Legacy cache settings vs policies. Older distributions used inline “forward query strings / headers / cookies” toggles. Those still exist as legacy cache settings, but AWS now steers you to cache policies + origin request policies. Use policies on anything new — they are reusable, support more options, and a single cache policy keeps the cache key consistent across behaviours.

Distribution (general) settings

These apply to the whole distribution rather than a single behaviour.
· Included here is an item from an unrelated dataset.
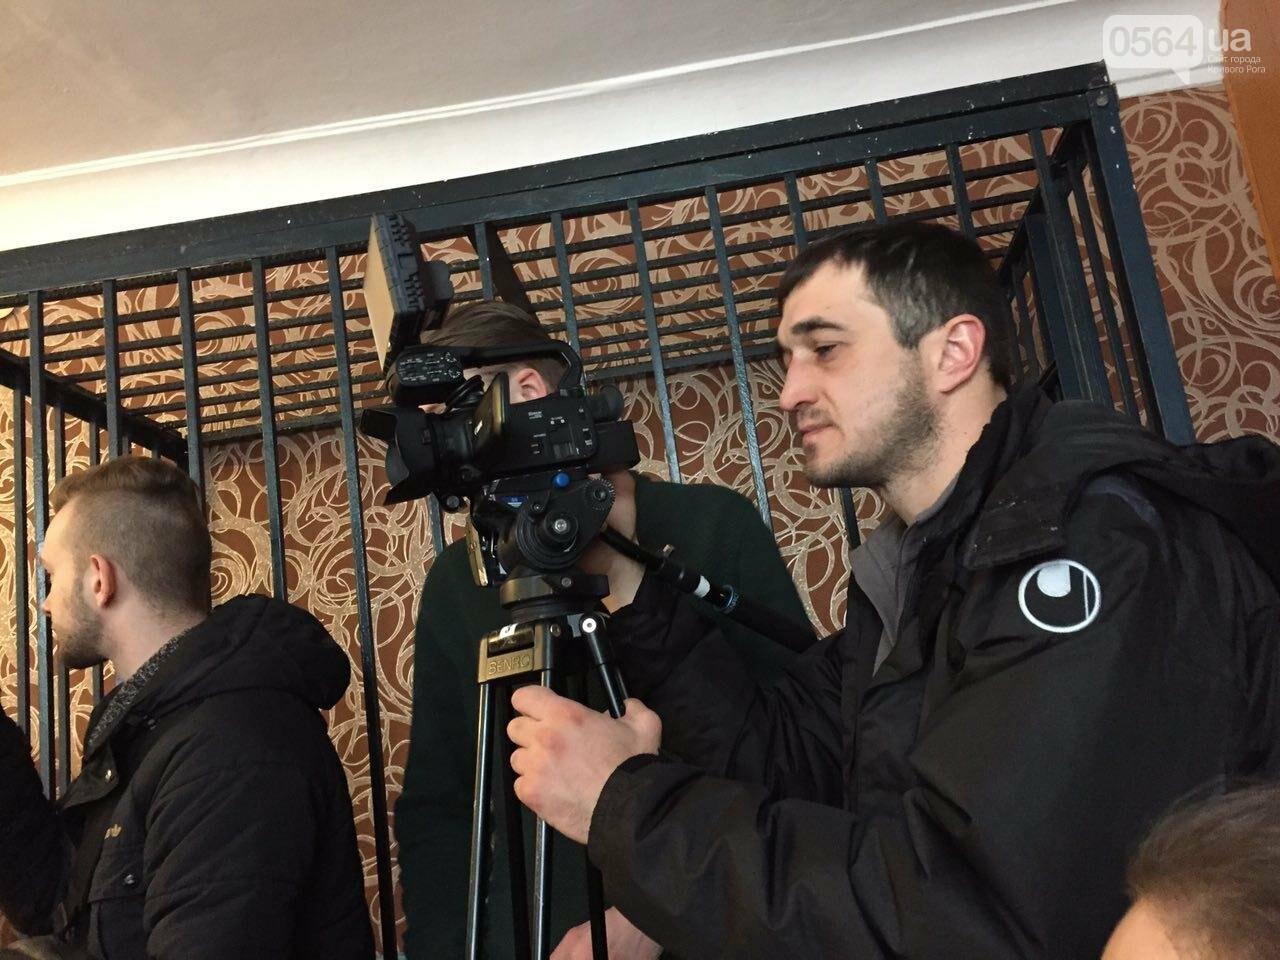 Криворожских журналистов в суде  допрашивают по делу Вячеслава Волка (ФОТО), фото-5
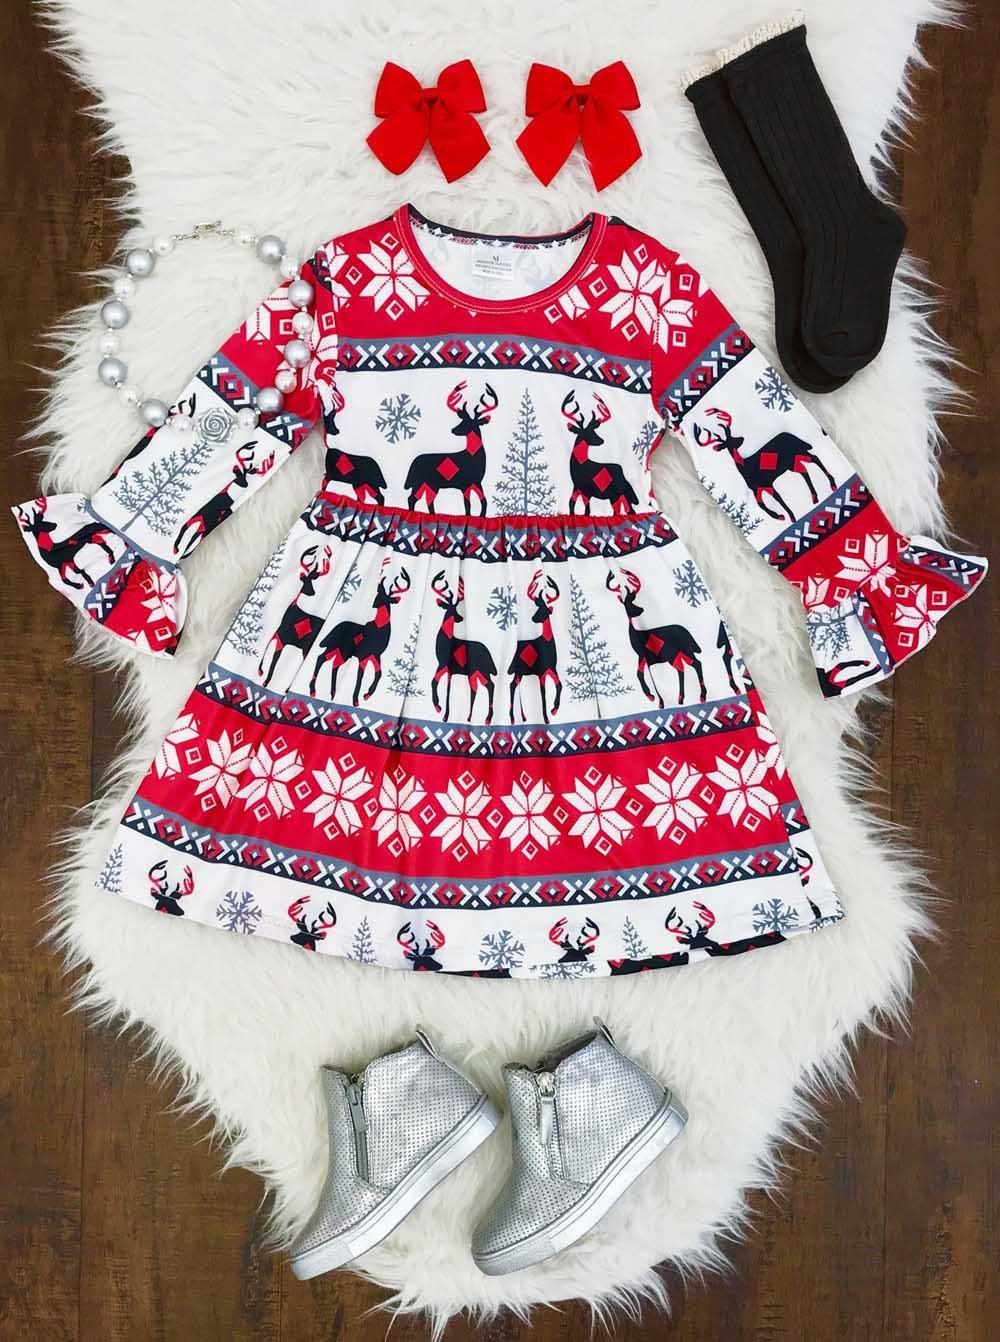 Toddler Infant Baby Kid Girls Christmas XMAS Cartoon Deers Print Dresses Outfits

Setting What it is / choices Default Notes
Price class All edge locations / Most (excl. most expensive) / Only NA + Europe All Fewer locations = lower cost but higher latency for excluded regions
Alternate domain names (CNAMEs) Your own domains (cdn.example.com) none Each must be covered by the attached certificate; unique across all CloudFront accounts
Custom SSL certificate An ACM cert (must be in us-east-1) or imported IAM cert Default CloudFront cert Required to serve a custom domain over HTTPS — see TLS section
Security policy (min TLS) e.g. TLSv1.2_2021 TLSv1.2_2021 (with SNI) The minimum TLS version/cipher suite for viewers
Supported HTTP versions HTTP/2, HTTP/3 (QUIC) HTTP/2 + HTTP/3 Leave both on for performance
Default root object Object returned for / (e.g. index.html) none Set it, or / returns an error/listing
Standard logging Access logs to S3, CloudWatch Logs, or Kinesis Data Firehose (v2) Off See logging section
IPv6 Enable IPv6 for viewers On Keep on
WAF web ACL Attach an AWS WAF (CLOUDFRONT scope) web ACL none See WAF section
Default TTL / Min / Max TTL Fallback TTLs when set inline (legacy) — otherwise the cache policy owns TTLs 24 h / 0 / 1 yr With a cache policy, set TTLs there

CLI and infrastructure-as-code

The console builds a big DistributionConfig JSON; the CLI takes it directly. A minimal create with an S3 origin and a managed cache policy:

# Managed policy IDs are well-known constants:
#   CachingOptimized          658327ea-f89d-4fab-a63d-7e88639e58f6
#   CachingDisabled           4135ea2d-6df8-44a3-9df3-4b5a84be39ad
#   AllViewerExceptHostHeader b689b0a8-53d0-40ab-baf2-68738e2966ac (origin request)
aws cloudfront create-distribution \
  --distribution-config file://dist-config.json

dist-config.json (abbreviated) references the origin, the default behaviour and a managed cache policy:

{
  "CallerReference": "site-2026-06-15",
  "Comment": "kloudvin static site",
  "Enabled": true,
  "DefaultRootObject": "index.html",
  "Origins": { "Quantity": 1, "Items": [{
    "Id": "s3-site",
    "DomainName": "my-site.s3.ap-south-1.amazonaws.com",
    "OriginAccessControlId": "E2ABCDEFGHIJK",
    "S3OriginConfig": { "OriginAccessIdentity": "" }
  }]},
  "DefaultCacheBehavior": {
    "TargetOriginId": "s3-site",
    "ViewerProtocolPolicy": "redirect-to-https",
    "CachePolicyId": "658327ea-f89d-4fab-a63d-7e88639e58f6",
    "Compress": true
  }
}

In CloudFormation/CDK/Terraform, the same shape appears as AWS::CloudFront::Distribution, the L2 cloudfront.Distribution construct, or the aws_cloudfront_distribution resource respectively — all of which let you reference an aws_cloudfront_origin_access_control and managed/custom policies by ID. CDK’s L2 construct is the most ergonomic for beginners because it wires OAC and the bucket policy for you.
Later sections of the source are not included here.